Денис оглянулся и засмеялся: - Не, такую точно нельзя!
- Ну вот, Дениска, я тебе и говорю про это. Посмотри на мои руки, - он поднял свои руки ладонями вверх, - эти руки должны владеть женщиной, они должны трогать её талию и бёдра, - я просто умру если не смогу этого делать! Каждый прожитый нами день, каждую нашу секунду нужно прочувствовать, попробовать на вкус, ощутить её сладость, - а иначе какой смысл в нашей жизни? И дать тебе всё это могут только деньги! Нормальные человеческие деньги! И потерять всё это для меня самое страшное!
- Ах вот вы где!
В обнимку с какой-то полупьяной девицей к ним подошёл высокий и здоровый парень с наголо побритой головой, со свастикой на затылке, в чёрной рубахе и с сигаретой в зубах. Это был Паша.
- Здарова, Фриц, - крикнул ему Кирилл, - познакомь со своей подругой!
- Слышь, как тебя там, забыл? - сказал Паша, обращаясь к своей подруге.
- Ты чё, совсем мозги прокурил все, я ж Даня! - ответила девушка.
- А, ну да, это же Дарья, моя подруга! Ну , ребят, я просто в ауте! - громко заорал Павел и стал целовать свою подругу.
- Ну как настроение-то, Пахан? - спросил Денис.
- Да нормальное, ребят! Как можно пройти мимо этих тёлок? Я когда еду в метро и в вагон входит какая-нибудь молодая женщина с большими грудями и аппетитными бёдрами - я просто начинаю сходить с ума! От неё пахнет приятным одеколоном, она так модно и круто одета, - я просто начинаю изнемогать в своём желании! Я с удовольствием лёг бы с ней в постель и так вот по-человечески, по-пацански просто взял бы и трахнул её! И мне похер - замужем она или нет, - это её проблемы, - я же к ней со всей душой, так сказать искренне! И тут она вынимает из кармана свой модный ма-абильник, - "Хелло, Вася, - я тут, - чего сказал?", - Не могу , лихо мне становится, - у меня эрекция происходит....
- Ну ты даешь, фашист! - засмеялся Денис, а Кирилл жестом показал Паше, чтобы тот на минутку избавился от своей подруги для разговора.
- Сходи-ка мне за сигаретами, Дань. - сказал он своей подруге и отстранив её в сторону подсел к Кириллу, - Ну что там за заказ-то, расскажи.
- Вообщем, из Штатов пришёл заказ на девственницу.

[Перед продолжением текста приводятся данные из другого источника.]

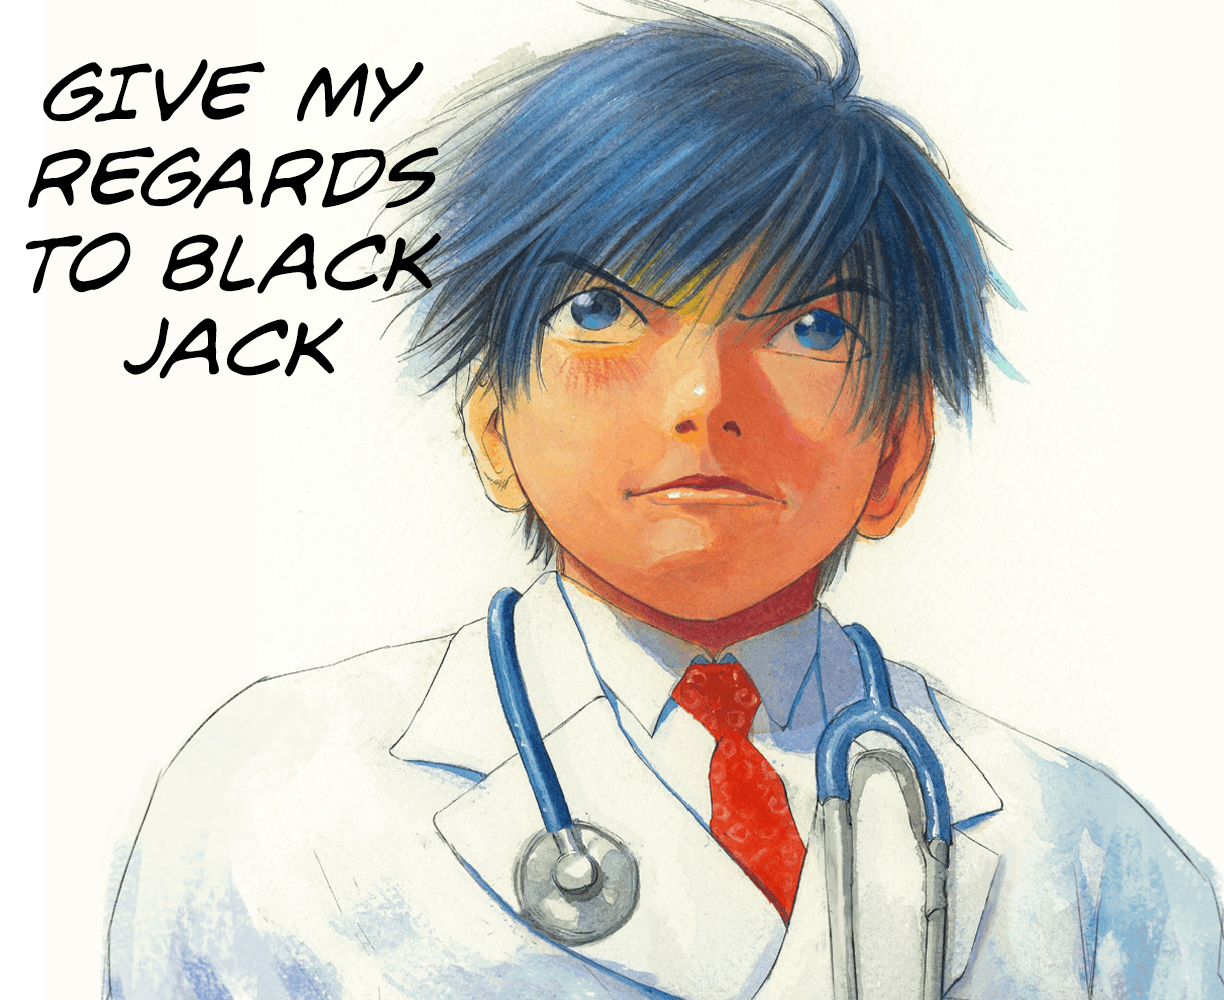 The cover art for the episode Let Me Tell You from the comics series Give My Regards to Black Jack, which is number 49 in the series

Вообщем изнасилование а потом удушение.
- А где мы целку-то возьмём? - спросил Павел, и почесав свой бритый затылок, сказал, - Сложновато вообще-то...
- Да не ссы, у меня уже есть одна на примете, - ответил Кира, - из Молдавии приехала, счастья искать, сука. Мы её купим у хозяев.
- А денег сколько?
- Да тебе за год столько не заработать! Первую половину денег я уже получил.
- Во, нормально, вот за это я тебя и люблю, родной мой! - Павел полез целоваться к Кире, тот его стал отталкивать и они все вместе дружно захохотали, да так, что сидящие за соседними диванами даже оглянулись в их строну.
Потом Павел отошёл куда-то со своей девушкой, а Ден с Кирой подозвали к себе тех самых "рельефных" девиц с ногами растущими от ушей, с которыми познакомились сегодня. Через полчаса раздался звонок. Это звонил Павел.
- Пацаны, я люблю эту жизнь! - орал в трубку Паша в унисон со стонами и вздохами своей Даши, с которой он по-видимому трахался где-то в туалете, - Я люблю вас, ребята, - я никому и ни за что это не отдам!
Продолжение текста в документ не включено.